43% of cyberattacks target small businesses. If your website is hacked, your customers notice before you do. Discover the 8 warning signs and the action protocol.

serpixel ·
Computer screen showing a website security alert with a broken padlock symbol

Key points

43% of cyberattacks target small businesses: Small businesses are the favourite target of hackers because they rarely update their websites. An outdated plugin can stay open as a door for months.
More than 60% of hacked websites go undetected for 6 months: Modern attacks are discreet: they inject invisible code and change nothing visible. If you do not monitor, you do not find out until Google flags you as dangerous.
A site flagged by Google loses 95% of its traffic: When Google detects malware on your site, it shows a red warning ('this site may harm your computer') that scares away almost every potential visitor.
Astro removes most attack vectors: Static websites have no database, run no PHP and have no vulnerable plugins. It is the difference between an open door and a solid wall.

43% of cyberattacks target small businesses. Most of these companies discover it too late: when a customer warns them, when Google flags them as dangerous or when their emails start landing in the spam folder. By then, the damage is already done.

At serpixel we audit dozens of websites every month and we see the same pattern over and over: small businesses with their site hacked for months, completely unaware. This article walks you through the 8 most common signs and what to do if you spot any of them.

1. Why small businesses are the favourite target of hackers

When you think of a cyberattack, you imagine a hacker going after Google or a bank. The reality is far more practical: hackers go after the easiest websites. And the easiest websites belong to small businesses.

Three reasons:

The software is not maintained. 70% of hacked WordPress sites have outdated plugins. Every month new vulnerabilities are discovered in popular plugins; hackers exploit them before owners patch them.

There is no monitoring. A small business does not have a security team watching the website 24/7. It can run for months with malicious code injected and nobody notices. The average owner only checks their site 2 or 3 times a month.

Passwords are weak. “admin / 123456” is still one of the most common combinations. Hackers try thousands of combinations per minute with automated tools. A 6-character password breaks in less than a minute.

And the consequences are disproportionate: for a multinational, an attack is an inconvenience. For a small business, it can mean closing the doors.

2. The 8 signs your website has been hacked

Sign 1: Strange results when you search for your business on Google

Search Google for your domain in quotes (for example: site:yourbusiness.com). If you see pages with Japanese titles, content about pharmaceutical products, online casinos or keywords that have nothing to do with your business, your site is hacked.
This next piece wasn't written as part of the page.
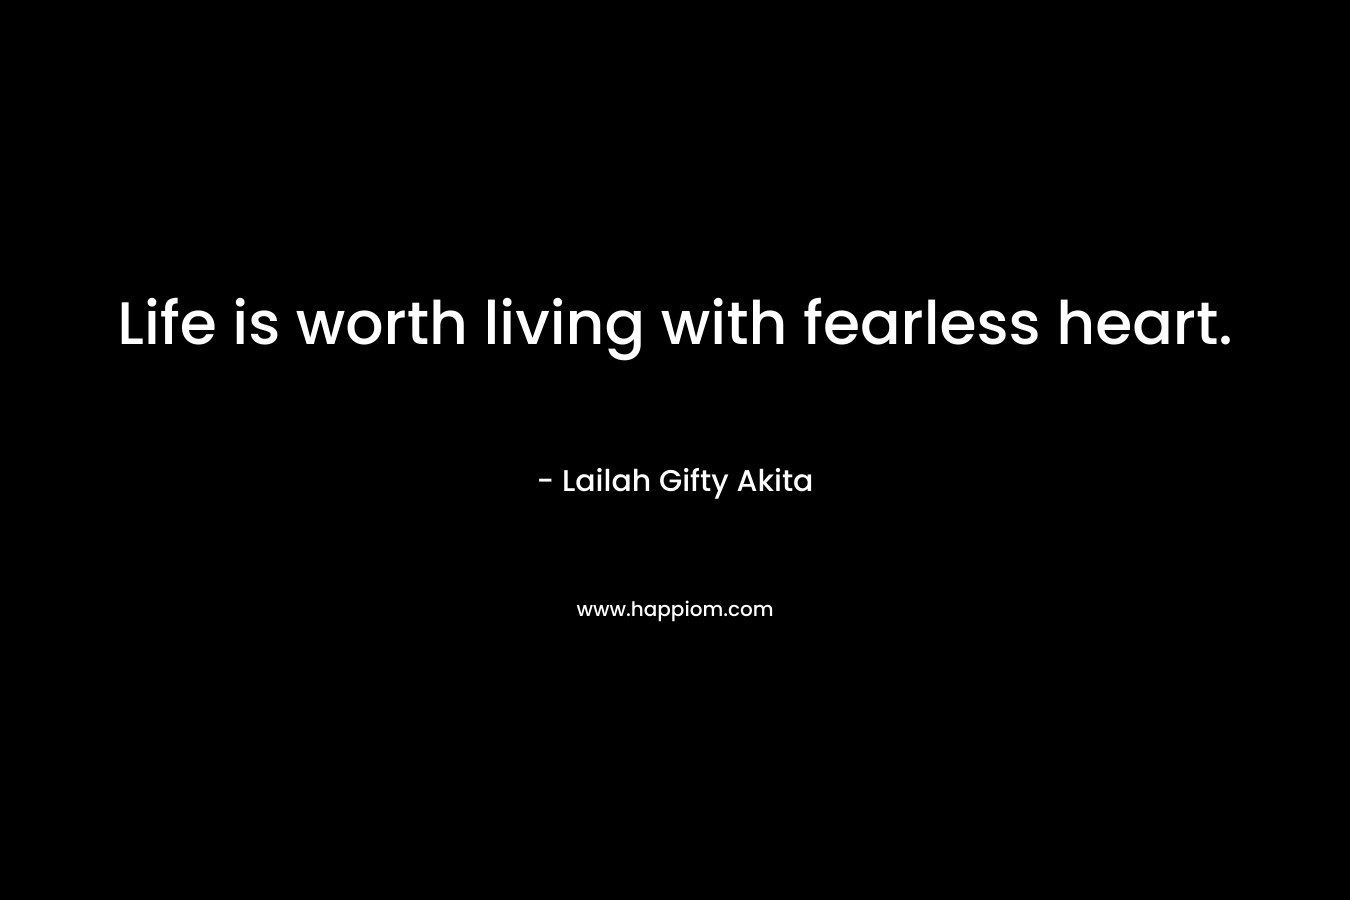 Life is worth living with fearless heart.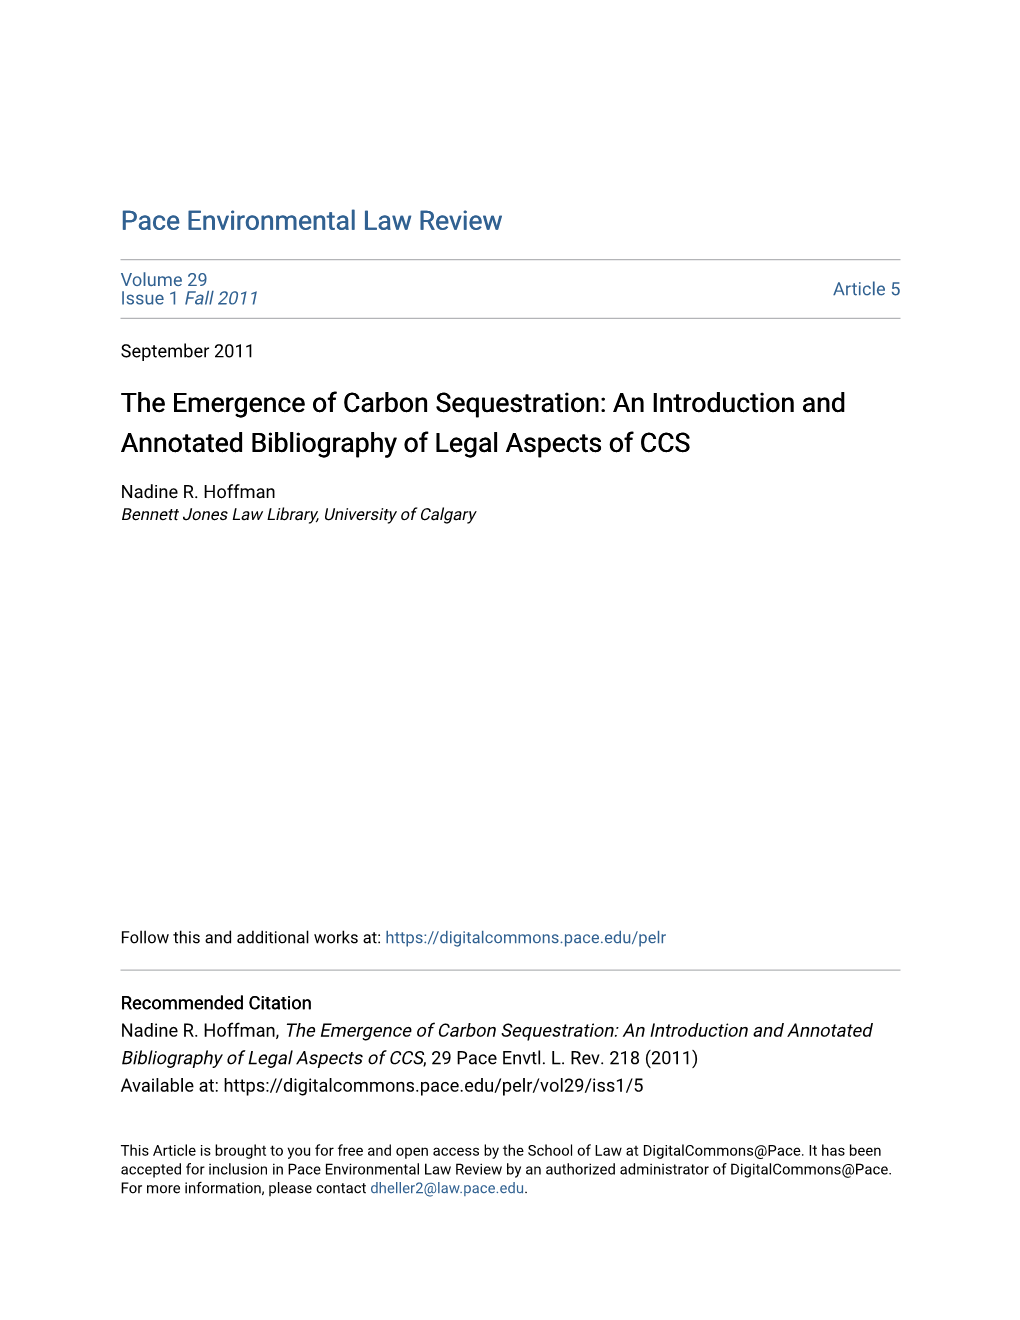 The Emergence of Carbon Sequestration: an Introduction and Annotated Bibliography of Legal Aspects of CCS

This is the most common SEO attack: hackers inject hundreds of new pages into your site with spam content, leveraging your domain to rank products they want to sell.

Sign 2: Google Search Console reports security issues

If your site is verified in Google Search Console (and it should be), this is where you will see the first warnings. In the “Security issues” section, Google notifies you if it detects:

  • Malware (malicious code that infects visitors)
  • Unwanted or harmful software (extensions, suspicious downloads)
  • Phishing (attempts to steal data)
  • Hacked content (unauthorised changes on your site)

If you see any notification in this section, act immediately. Do not wait more than 24 hours.

Sign 3: Pop-ups you did not add

If you visit your site and pop-ups, strange ads, redirects to other websites or a fake counter saying “your computer is infected” suddenly appear, the site is compromised. Hackers have injected JavaScript code that runs in visitors’ browsers.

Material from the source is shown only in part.